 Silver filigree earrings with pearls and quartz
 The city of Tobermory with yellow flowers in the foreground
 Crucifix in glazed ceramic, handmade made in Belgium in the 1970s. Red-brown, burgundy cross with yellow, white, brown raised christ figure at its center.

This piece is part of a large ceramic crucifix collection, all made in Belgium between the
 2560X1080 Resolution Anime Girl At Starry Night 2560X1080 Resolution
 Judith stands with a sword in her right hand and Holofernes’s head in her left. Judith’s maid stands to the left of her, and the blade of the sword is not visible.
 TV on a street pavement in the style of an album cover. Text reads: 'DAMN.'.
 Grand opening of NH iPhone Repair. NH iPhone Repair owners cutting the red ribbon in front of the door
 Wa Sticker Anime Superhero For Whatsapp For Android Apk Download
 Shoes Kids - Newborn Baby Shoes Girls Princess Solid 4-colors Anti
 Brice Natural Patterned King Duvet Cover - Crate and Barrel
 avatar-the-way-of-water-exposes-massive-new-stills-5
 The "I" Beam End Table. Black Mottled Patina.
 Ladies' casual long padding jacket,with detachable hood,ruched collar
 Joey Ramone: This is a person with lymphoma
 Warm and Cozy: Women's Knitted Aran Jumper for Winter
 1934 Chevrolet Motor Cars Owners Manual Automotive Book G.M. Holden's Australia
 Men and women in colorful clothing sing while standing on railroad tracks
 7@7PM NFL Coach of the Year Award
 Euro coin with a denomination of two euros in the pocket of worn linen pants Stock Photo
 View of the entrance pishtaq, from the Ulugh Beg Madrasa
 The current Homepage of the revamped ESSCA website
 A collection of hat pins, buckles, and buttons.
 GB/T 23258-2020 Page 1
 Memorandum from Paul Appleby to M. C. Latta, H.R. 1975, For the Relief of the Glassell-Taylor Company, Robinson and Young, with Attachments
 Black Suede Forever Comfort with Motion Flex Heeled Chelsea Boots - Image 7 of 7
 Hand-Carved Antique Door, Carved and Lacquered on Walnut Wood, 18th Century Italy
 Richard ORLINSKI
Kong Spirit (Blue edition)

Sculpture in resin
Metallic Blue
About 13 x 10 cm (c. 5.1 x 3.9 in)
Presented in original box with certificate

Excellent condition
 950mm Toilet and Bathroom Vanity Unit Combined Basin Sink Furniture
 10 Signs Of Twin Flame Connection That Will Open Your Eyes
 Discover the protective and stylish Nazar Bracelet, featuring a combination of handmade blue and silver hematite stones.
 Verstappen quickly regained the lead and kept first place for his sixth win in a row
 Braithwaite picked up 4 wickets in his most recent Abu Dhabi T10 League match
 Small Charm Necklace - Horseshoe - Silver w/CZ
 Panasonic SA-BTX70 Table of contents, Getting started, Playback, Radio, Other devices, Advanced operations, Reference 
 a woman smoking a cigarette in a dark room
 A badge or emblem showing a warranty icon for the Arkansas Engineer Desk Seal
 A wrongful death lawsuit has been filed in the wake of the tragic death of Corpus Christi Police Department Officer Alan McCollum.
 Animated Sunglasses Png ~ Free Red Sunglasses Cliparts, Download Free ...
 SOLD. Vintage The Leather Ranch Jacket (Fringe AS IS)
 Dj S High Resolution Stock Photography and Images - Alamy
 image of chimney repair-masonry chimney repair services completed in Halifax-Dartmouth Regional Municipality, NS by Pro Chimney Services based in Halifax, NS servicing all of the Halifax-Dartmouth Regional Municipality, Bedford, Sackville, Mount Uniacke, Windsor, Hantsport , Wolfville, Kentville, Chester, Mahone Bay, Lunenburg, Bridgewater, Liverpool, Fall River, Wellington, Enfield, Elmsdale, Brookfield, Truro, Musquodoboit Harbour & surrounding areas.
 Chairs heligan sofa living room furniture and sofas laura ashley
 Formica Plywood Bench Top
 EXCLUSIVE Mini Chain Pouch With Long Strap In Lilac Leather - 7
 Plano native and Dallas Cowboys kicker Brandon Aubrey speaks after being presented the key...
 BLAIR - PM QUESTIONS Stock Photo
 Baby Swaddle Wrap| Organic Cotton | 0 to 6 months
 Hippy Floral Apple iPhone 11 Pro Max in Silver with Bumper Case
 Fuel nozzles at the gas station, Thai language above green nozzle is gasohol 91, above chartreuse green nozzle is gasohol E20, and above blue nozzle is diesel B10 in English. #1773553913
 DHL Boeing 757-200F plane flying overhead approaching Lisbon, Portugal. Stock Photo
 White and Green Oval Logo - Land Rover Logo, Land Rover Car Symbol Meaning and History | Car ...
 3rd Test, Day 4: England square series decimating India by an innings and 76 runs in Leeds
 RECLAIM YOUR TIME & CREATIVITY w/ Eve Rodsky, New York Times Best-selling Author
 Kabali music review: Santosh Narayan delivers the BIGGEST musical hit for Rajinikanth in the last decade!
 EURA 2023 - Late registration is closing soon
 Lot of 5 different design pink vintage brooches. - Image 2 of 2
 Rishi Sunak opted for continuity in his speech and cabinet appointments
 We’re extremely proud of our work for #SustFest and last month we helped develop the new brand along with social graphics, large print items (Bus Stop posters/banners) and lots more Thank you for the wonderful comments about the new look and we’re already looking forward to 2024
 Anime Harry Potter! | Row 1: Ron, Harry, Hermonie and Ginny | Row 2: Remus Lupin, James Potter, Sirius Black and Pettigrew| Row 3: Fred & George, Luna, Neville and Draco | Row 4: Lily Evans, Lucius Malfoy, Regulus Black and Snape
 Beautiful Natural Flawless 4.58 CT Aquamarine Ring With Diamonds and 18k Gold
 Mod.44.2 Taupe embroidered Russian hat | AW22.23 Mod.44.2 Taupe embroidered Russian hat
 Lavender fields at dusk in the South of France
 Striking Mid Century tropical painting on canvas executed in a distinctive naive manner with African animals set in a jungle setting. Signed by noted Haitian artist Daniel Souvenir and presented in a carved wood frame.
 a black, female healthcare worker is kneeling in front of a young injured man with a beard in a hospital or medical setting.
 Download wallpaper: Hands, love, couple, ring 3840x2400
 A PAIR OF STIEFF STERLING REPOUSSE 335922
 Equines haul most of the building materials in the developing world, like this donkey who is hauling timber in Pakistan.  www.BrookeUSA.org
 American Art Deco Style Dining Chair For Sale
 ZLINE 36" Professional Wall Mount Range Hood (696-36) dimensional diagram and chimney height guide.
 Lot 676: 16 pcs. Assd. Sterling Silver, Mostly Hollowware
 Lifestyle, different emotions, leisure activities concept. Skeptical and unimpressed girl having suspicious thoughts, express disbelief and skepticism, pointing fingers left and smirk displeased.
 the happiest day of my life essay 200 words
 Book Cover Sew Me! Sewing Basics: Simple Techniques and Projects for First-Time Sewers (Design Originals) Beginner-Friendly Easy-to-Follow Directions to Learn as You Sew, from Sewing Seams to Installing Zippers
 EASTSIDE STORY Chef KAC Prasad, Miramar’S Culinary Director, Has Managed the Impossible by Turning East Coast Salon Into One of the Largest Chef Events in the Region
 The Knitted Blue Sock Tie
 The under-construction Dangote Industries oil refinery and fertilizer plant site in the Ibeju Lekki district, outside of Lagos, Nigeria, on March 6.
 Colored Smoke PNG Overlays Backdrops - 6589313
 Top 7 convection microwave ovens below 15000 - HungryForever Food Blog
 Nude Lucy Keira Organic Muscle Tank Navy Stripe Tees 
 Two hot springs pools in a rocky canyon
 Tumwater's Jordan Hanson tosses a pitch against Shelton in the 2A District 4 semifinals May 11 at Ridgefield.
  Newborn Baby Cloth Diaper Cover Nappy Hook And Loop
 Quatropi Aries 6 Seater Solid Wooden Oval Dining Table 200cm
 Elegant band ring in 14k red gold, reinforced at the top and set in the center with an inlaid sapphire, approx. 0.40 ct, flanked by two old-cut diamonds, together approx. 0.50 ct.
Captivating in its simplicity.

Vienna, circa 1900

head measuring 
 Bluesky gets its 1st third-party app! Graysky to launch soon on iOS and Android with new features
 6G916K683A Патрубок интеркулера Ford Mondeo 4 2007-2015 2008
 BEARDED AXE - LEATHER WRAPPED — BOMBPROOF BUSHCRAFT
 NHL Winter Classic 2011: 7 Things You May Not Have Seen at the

_Your goal:_
Would you print exactly, and only, the lines of the data above from the line with "The city of" through the line with "Black Mottled Patina.", inclusive?

_Answer to this exercise:_
 The city of Tobermory with yellow flowers in the foreground
 Crucifix in glazed ceramic, handmade made in Belgium in the 1970s. Red-brown, burgundy cross with yellow, white, brown raised christ figure at its center.

This piece is part of a large ceramic crucifix collection, all made in Belgium between the
 2560X1080 Resolution Anime Girl At Starry Night 2560X1080 Resolution
 Judith stands with a sword in her right hand and Holofernes’s head in her left. Judith’s maid stands to the left of her, and the blade of the sword is not visible.
 TV on a street pavement in the style of an album cover. Text reads: 'DAMN.'.
 Grand opening of NH iPhone Repair. NH iPhone Repair owners cutting the red ribbon in front of the door
 Wa Sticker Anime Superhero For Whatsapp For Android Apk Download
 Shoes Kids - Newborn Baby Shoes Girls Princess Solid 4-colors Anti
 Brice Natural Patterned King Duvet Cover - Crate and Barrel
 avatar-the-way-of-water-exposes-massive-new-stills-5
 The "I" Beam End Table. Black Mottled Patina.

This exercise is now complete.